For drafters of family limited partnerships this is an extremely important case to review. The factors in the Strangi case were egregious but there are still commentators who state that this case is the "death knell" of family limited partnerships because Section 2036 of the Code is so broad. Others disagree. Nevertheless, this case should be carefully reviewed before drafting future limited partnerships.

Qualified Personal Residence Trust ("QPRT")

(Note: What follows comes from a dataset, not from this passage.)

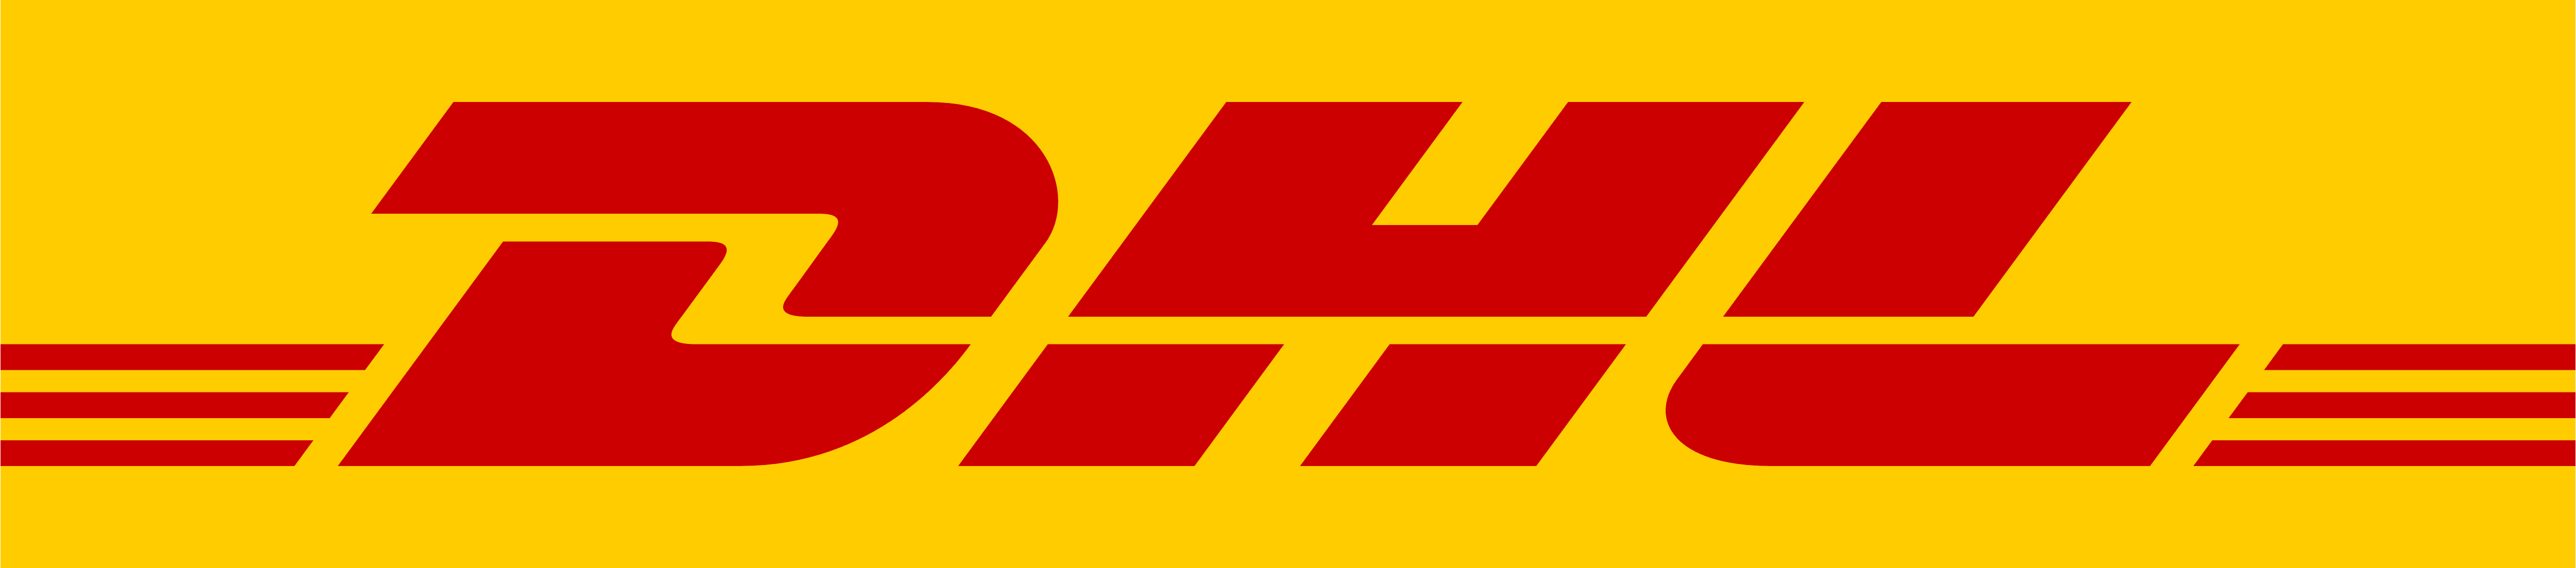 DHL New Logo - DHL – Logos Download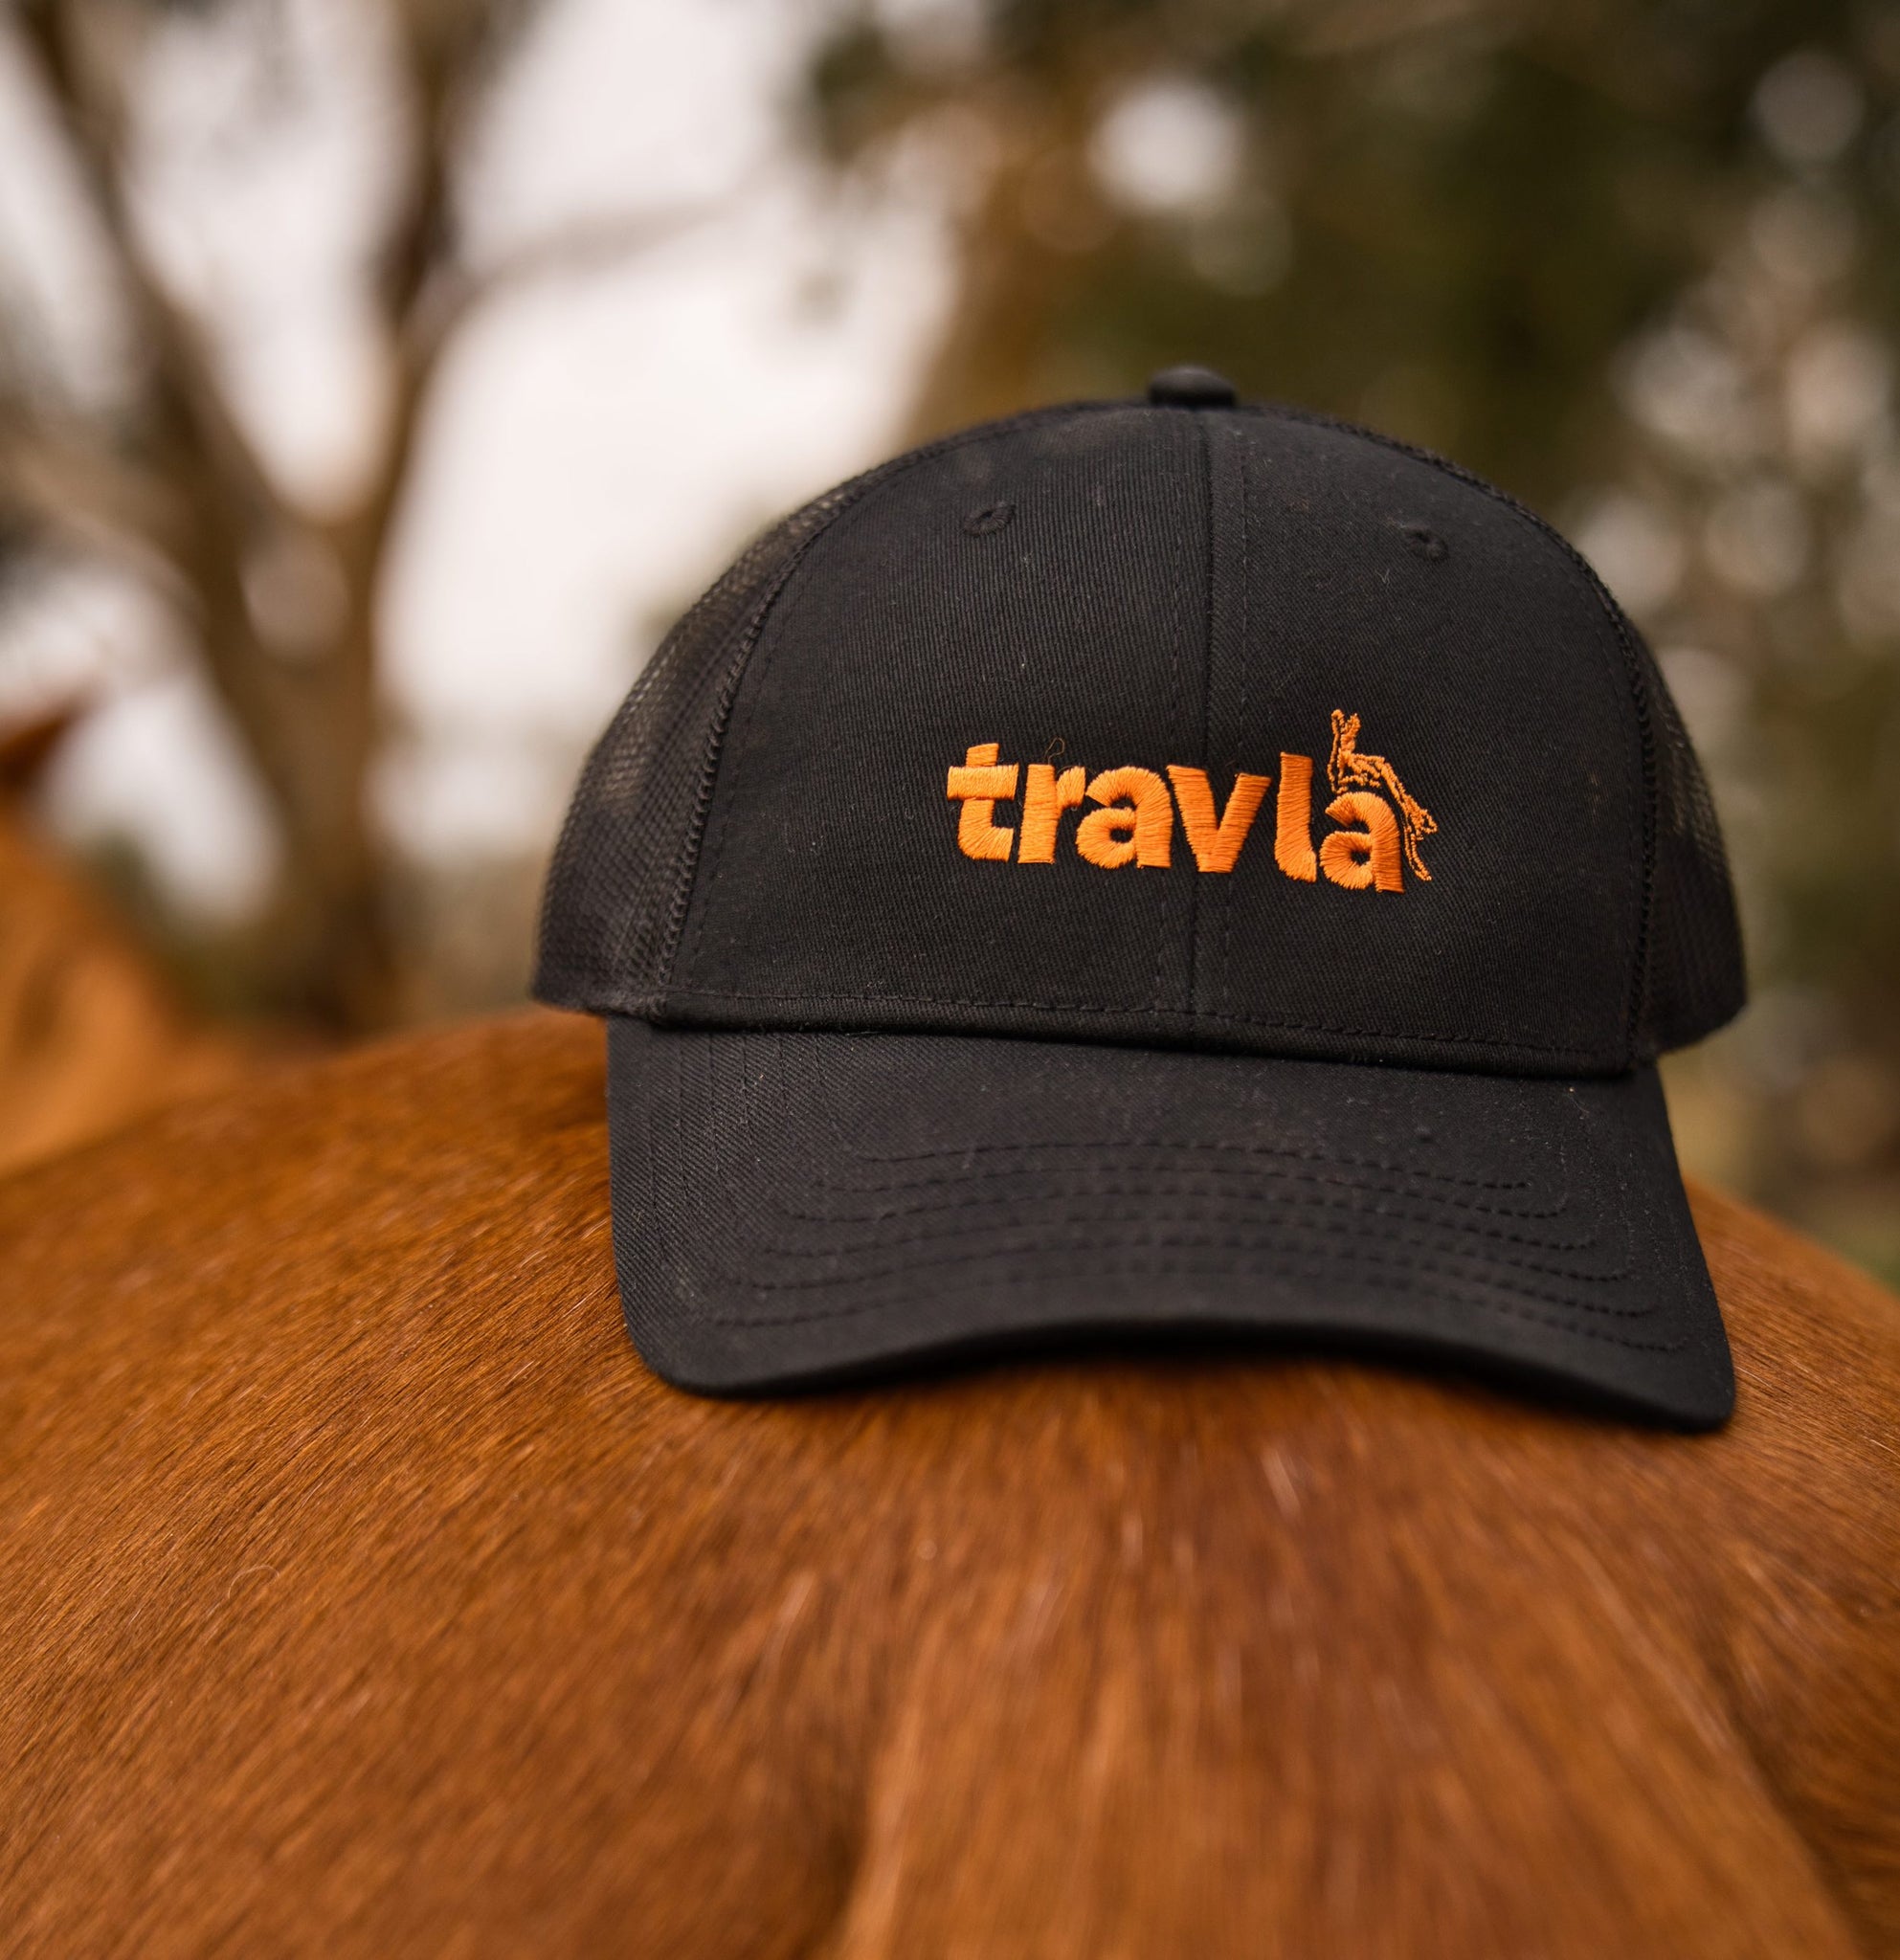 travla mesh logo black-snapback on horse

Revenue Procedure 2003-42, 2003-23 IRB provides a sample declaration of a trust and alternate provisions for a QPRT with one term-holder. A consideration before setting up a QPRT is the Save our Homes (SOH) cap for a homestead. Under SOH the increase in real estate taxes is limited to3% per year; providing that the legal or equitable title remains in the same person. Unfortunately, at the end of the term of the QPRT, the property is usually distributed to the children and/or lineal descendants upon such a termination. Thus, the SOH cap comes off and the real estate taxes are substantially more. Many QPRT term-holders are surprised (and angry) to find this out after the QPRT has been established.

Advice:

Carefully review your existing QPRTs and advise your term-holders when the 3% SOH cap is to come off. On any new QPRTs thoroughly discuss this issue before transferring the home into a QPRT.